■ WHAT TO WORK ON ■
Below are the entries to work from; restate word for word the portion that opens with the line containing "Luxvista 12V-36V E26" and closes with the line containing "Cheap apartment living: living", keeping both.

■ MATERIAL PROVIDED ■
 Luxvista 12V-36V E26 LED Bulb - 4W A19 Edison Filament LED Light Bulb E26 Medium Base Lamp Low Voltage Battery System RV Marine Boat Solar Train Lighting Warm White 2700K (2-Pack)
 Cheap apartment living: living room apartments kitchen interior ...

--

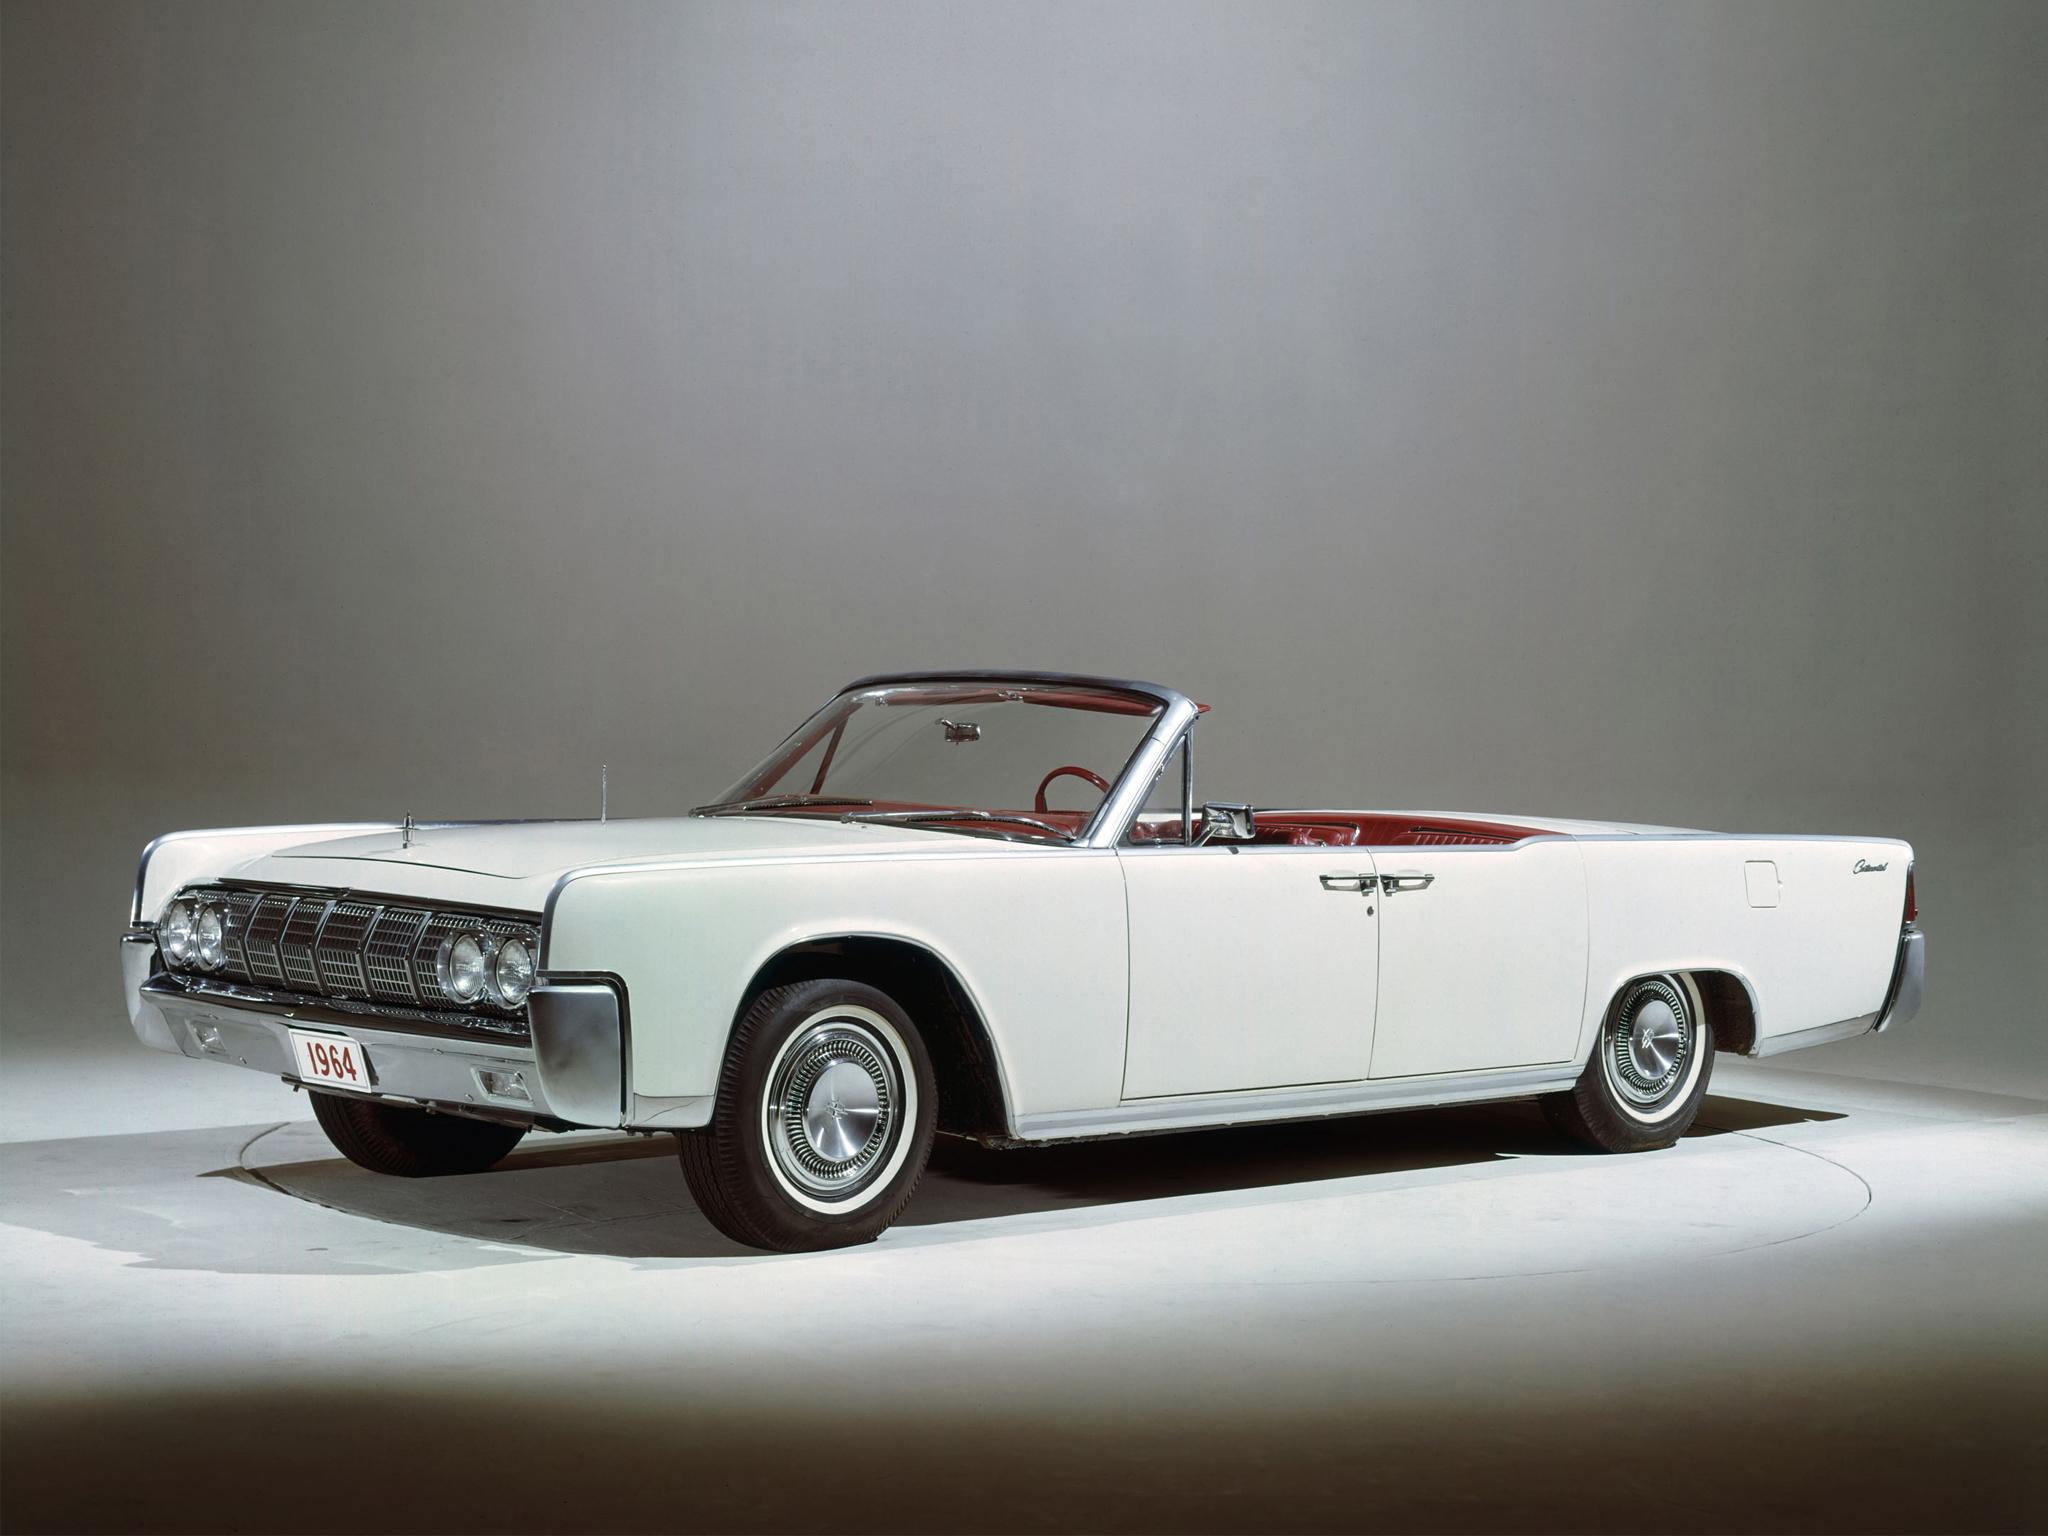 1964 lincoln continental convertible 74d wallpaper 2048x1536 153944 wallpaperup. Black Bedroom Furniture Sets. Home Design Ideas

■ OUTPUT FOR THIS EXERCISE ■
 Luxvista 12V-36V E26 LED Bulb - 4W A19 Edison Filament LED Light Bulb E26 Medium Base Lamp Low Voltage Battery System RV Marine Boat Solar Train Lighting Warm White 2700K (2-Pack)
 Cheap apartment living: living room apartments kitchen interior ...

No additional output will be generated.